Нобель. Литература - Быков Дмитрий Львович. Страница 27

Он не бедствовал отнюдь, надо сказать, и при всем при этом он не обделен вниманием женщин, его вторая жена была красавица-актриса, ему аплодировали в Европе, его везде триумфально принимали, и тем не менее более депрессивного автора в Америке просто нет. Даже у Теннеси Уильямса, его самого прямого драматургического наследника, все-таки случаются какие-то проблески и юмора, и оптимизма. На этом фоне Юджин О’Нил действительно античная трагедия, но с этим, как ни странно, и связан его успех.

Здесь приходится делать отдельный экскурс в область такого понятия, как «американская трагедия», потому что мы-то привыкли, что это роман Драйзера, но это название целой на самом деле школы, которая впервые начала рассматривать американскую жизнь под новым углом зрения. Образ Америки в начале века двадцатого — в основном, конечно, усилиями завистливых европейцев, — это страна преуспевающих дельцов, очень быстрых денег, очень плоского и поверхностного владения мировой культурой и безумной страсти к наслаждениям.

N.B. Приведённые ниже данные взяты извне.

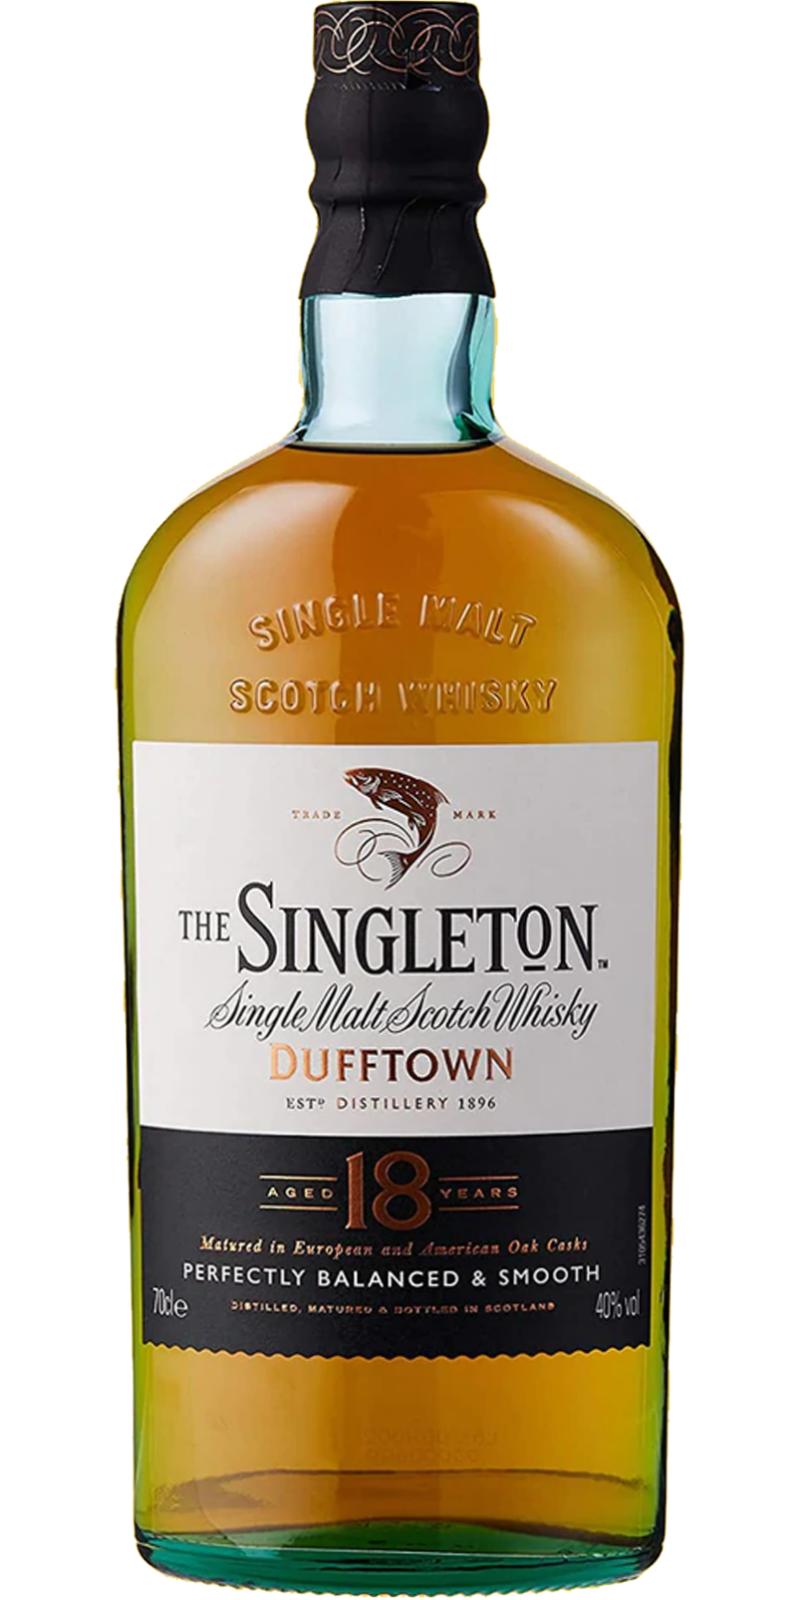 The Singleton of Dufftown 18yo Perfectly Balanced & Smooth European and American Oak Casks 40% 700ml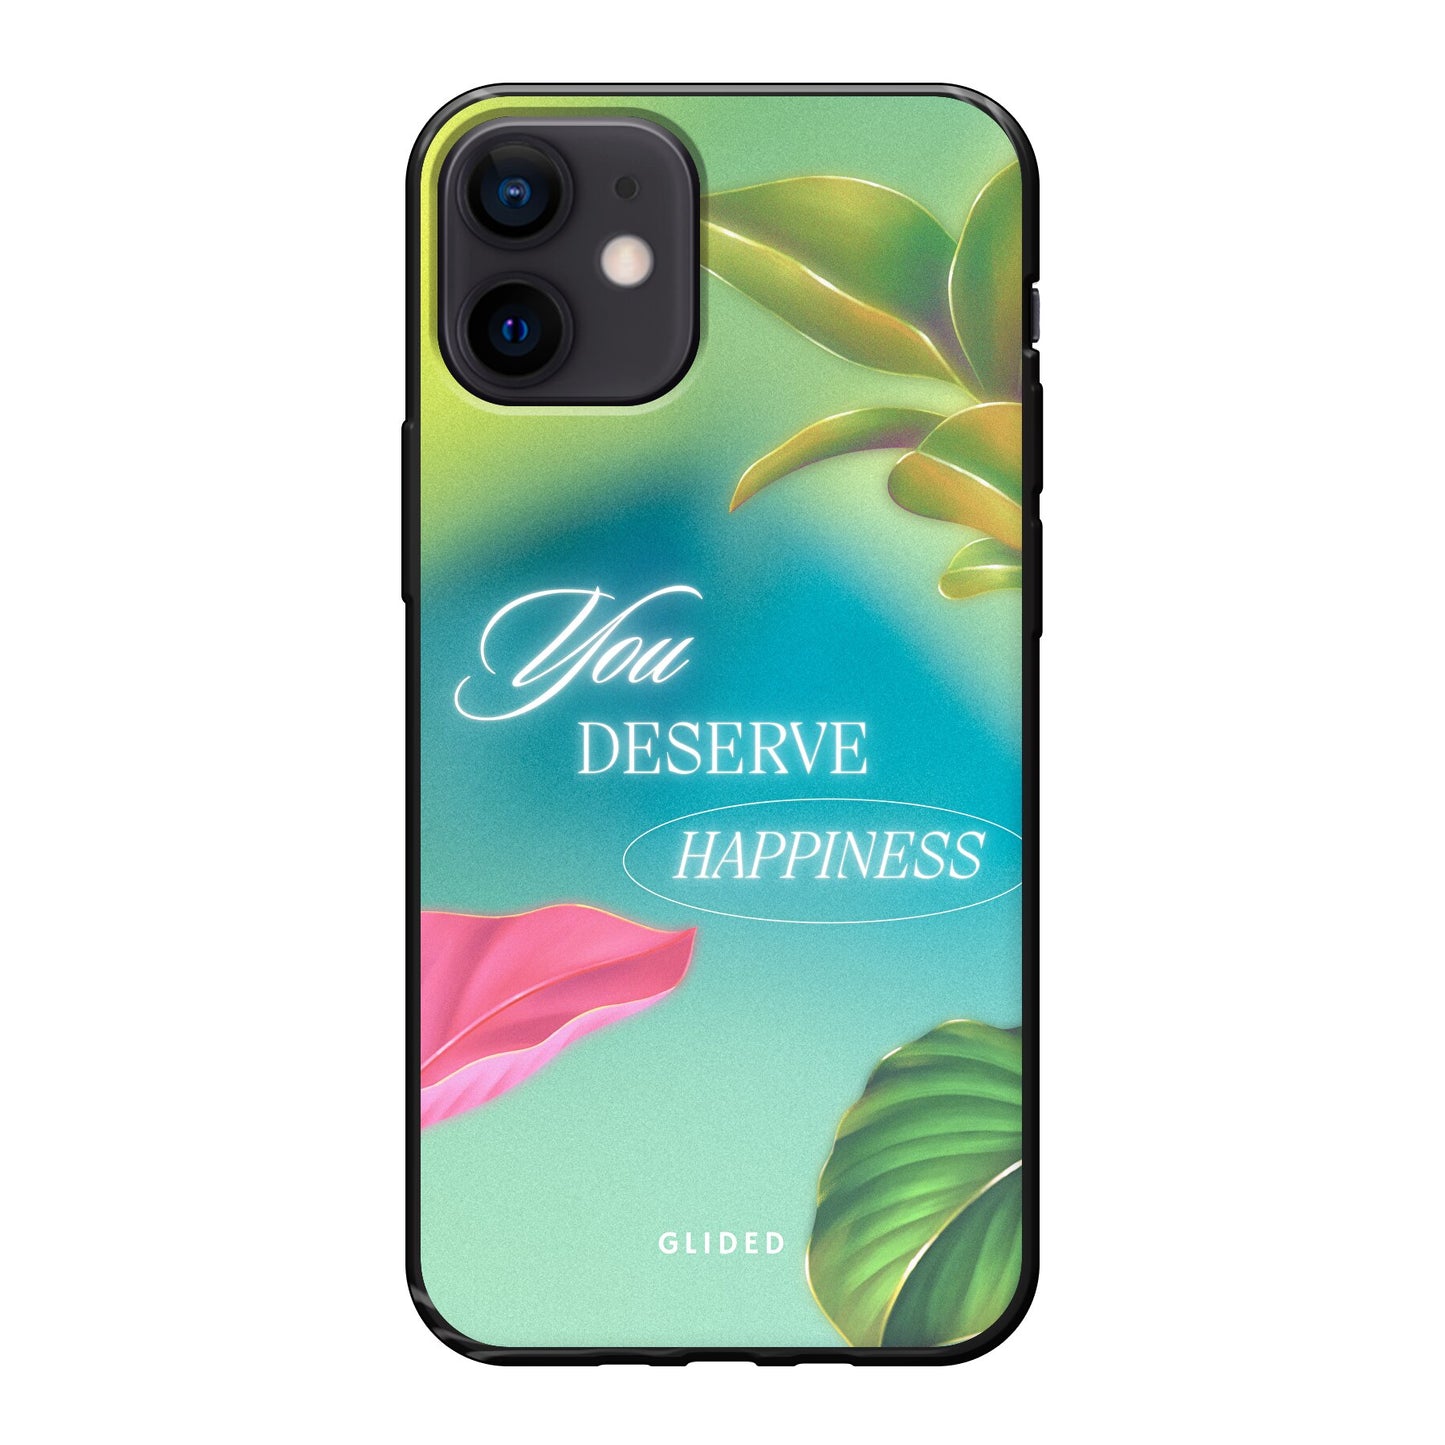 Happiness - iPhone 12 mini - Soft case

Да, такой очень дорогой, очень неоновый, очень светящийся беспрерывный парк развлечений, в котором все еще и трудятся страшно, как Карлы, и очень этим довольны, потому что все сосредоточены на деньгах.

Америка как трагическая страна — это заслуга Драйзера с его «Американской трагедией» и О’Нила с его драматургическим циклом, который первоначально назывался «Сага о дельцах, ограбивших самих себя». Он задумал одиннадцать пьес, вариант «Человеческой комедии» на американском материале, написал из них две, но общее количество у него приближается к тридцати, это все сплошь шедевры, надо сказать.

Он действительно внушил Америке трагический взгляд на себя. Причина этого трагизма трояка. Дело в том, что, во-первых, Америка все-таки задумывалась отцами-основателями как реализация евангельской мечты, а в результате… Они очень серьезно к этому относились, они действительно думали: «Мы первые люди на Новой земле, у которых получится жить по-божески». И не получилось. С одной стороны, получилось, что они далеко не первые люди на этой земле. С другой, оказалось, что они, задумав себя самыми свободными, построили рабовладельческое государство XIX века. Они долго мучились совестью по этому поводу, мучаются до сих пор. У О’Нила есть специальная пьеса, посвященная черной проблеме, «У всех Божьих детей есть крылья», строчкой из спиричуэлса [15] названная. Но проблема эта тоже оказалась трагической и, боюсь, неразрешимой.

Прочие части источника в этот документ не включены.